___ EXERCISE DATA ___
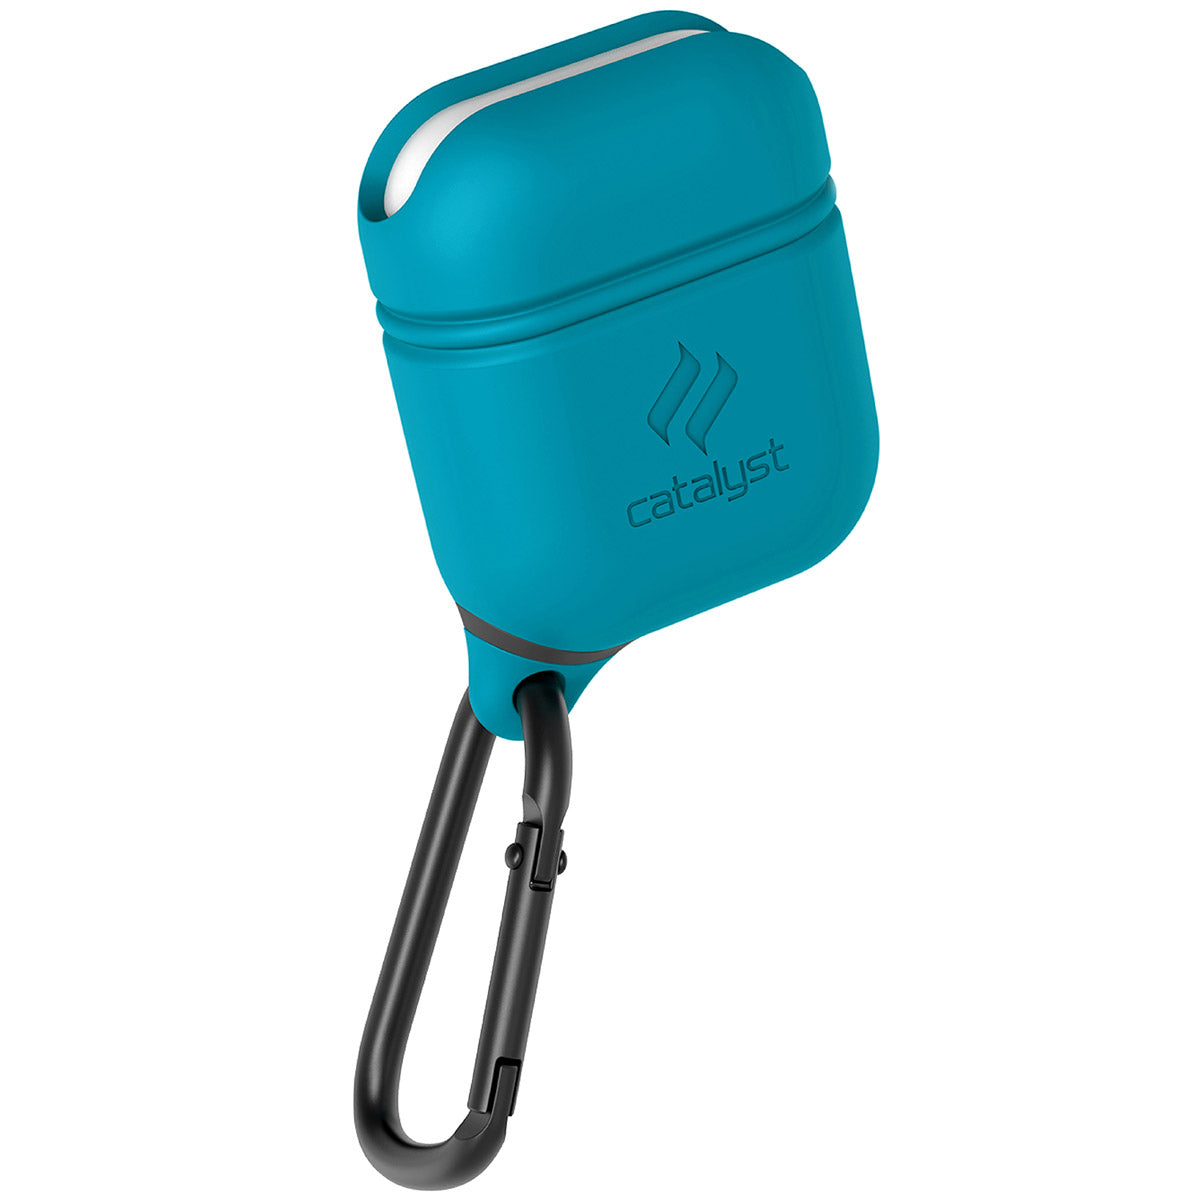 CATAPDTEAL | Catalyst airpods gen2/1 waterproof case + carabiner showing the front view of the case in glacier blue colorway
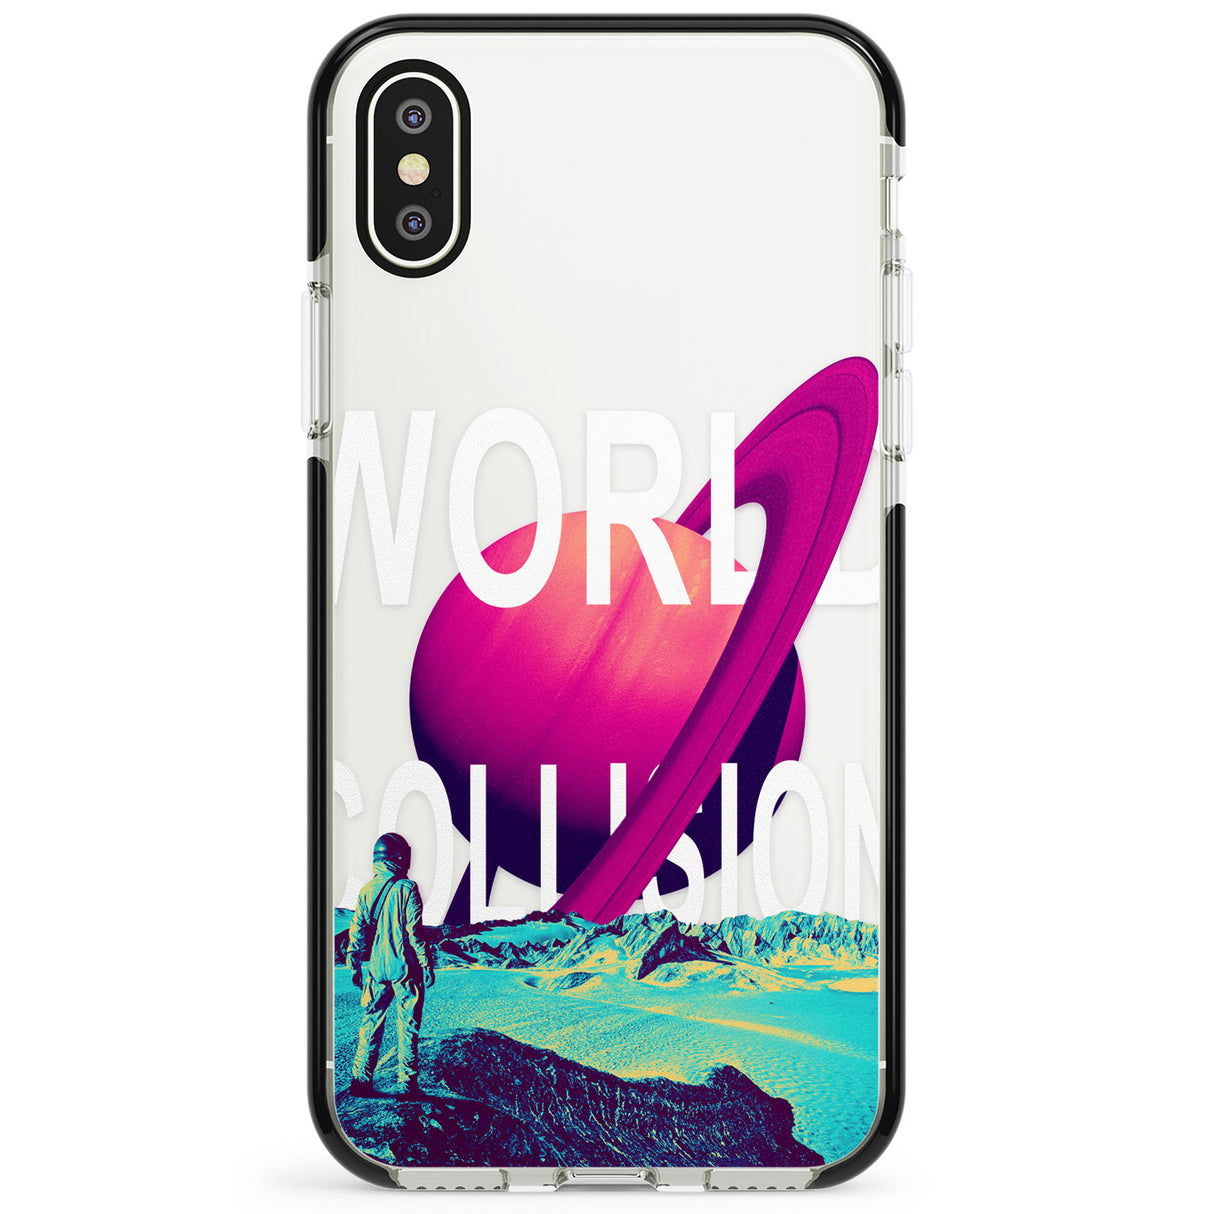 World Collision Phone Case for iPhone X XS Max XR
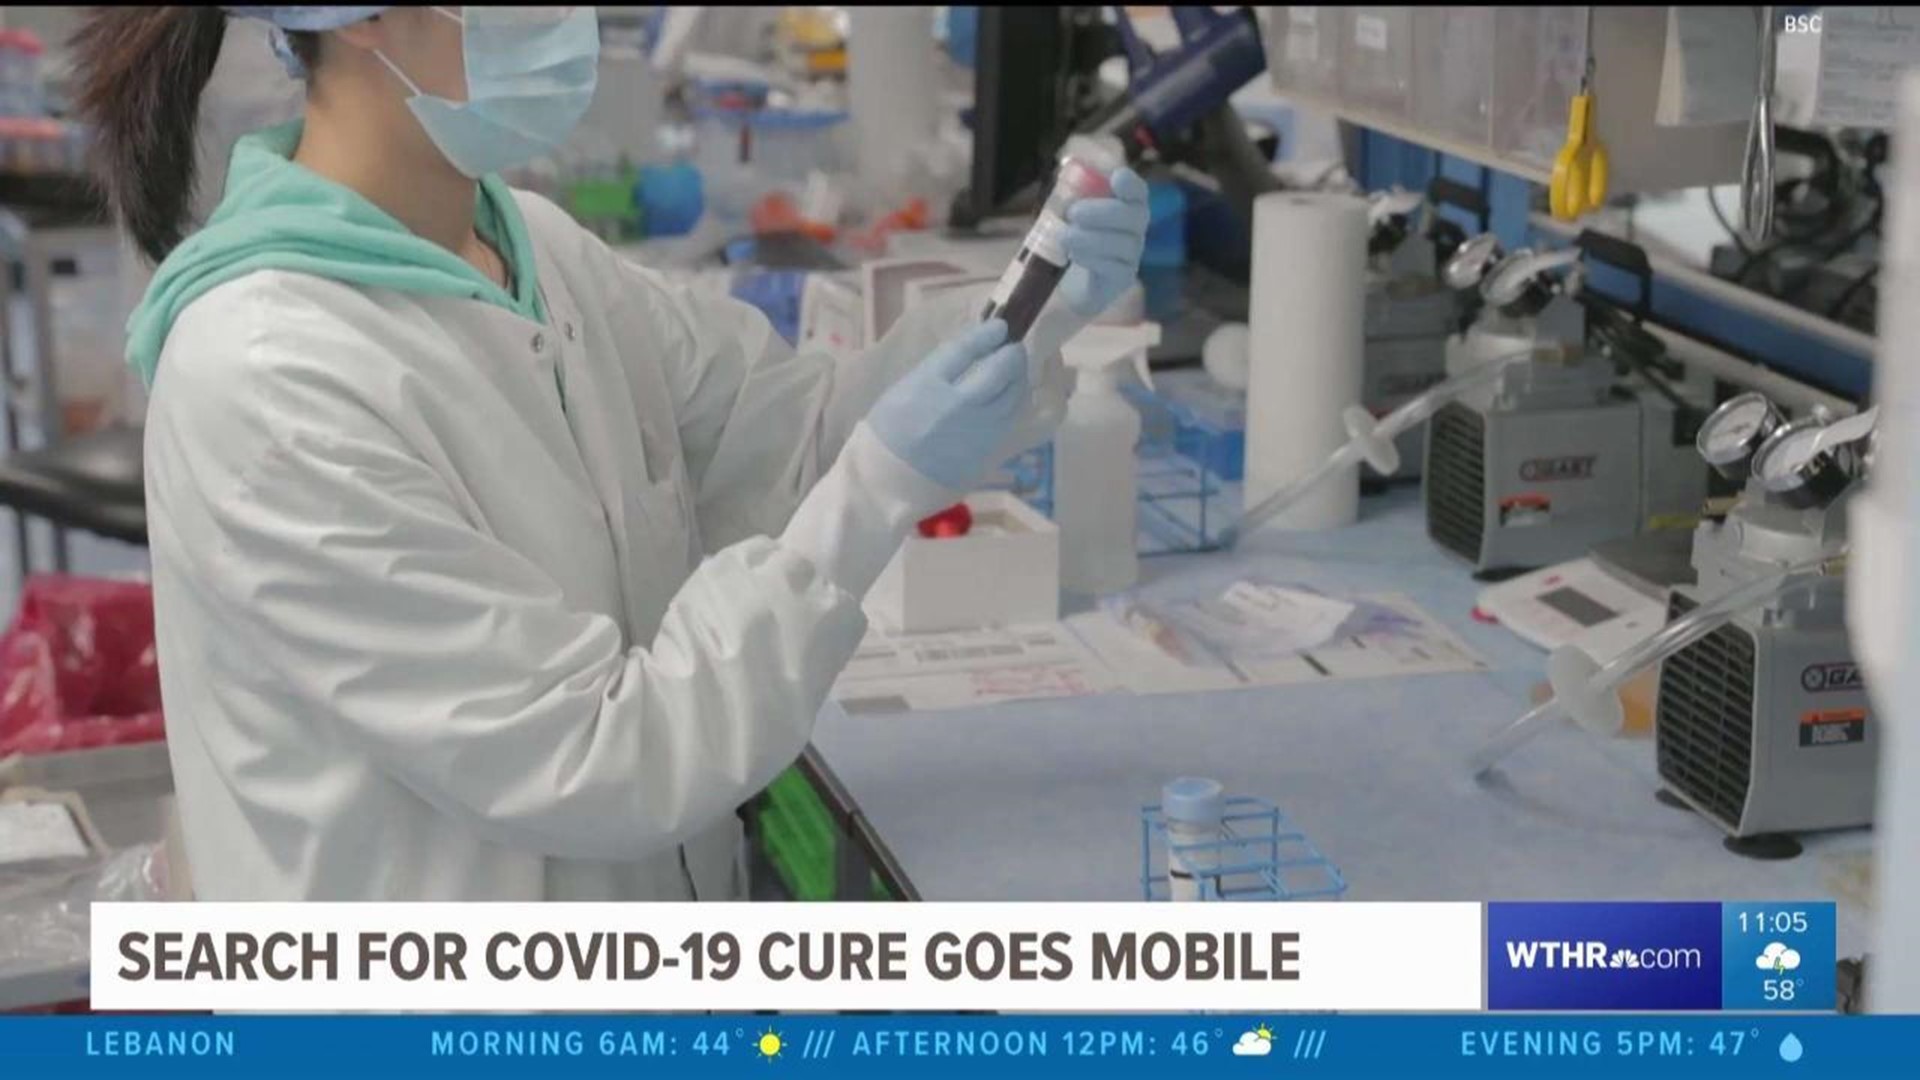 Search for COVID-19 cure goes mobile
___
Whenever you reach a picture, pass over it; print all the other material exactly.

 CATAPDTEAL | Catalyst airpods gen2/1 waterproof case + carabiner showing the front view of the case in glacier blue colorway
 World Collision Phone Case for iPhone X XS Max XR
 Search for COVID-19 cure goes mobile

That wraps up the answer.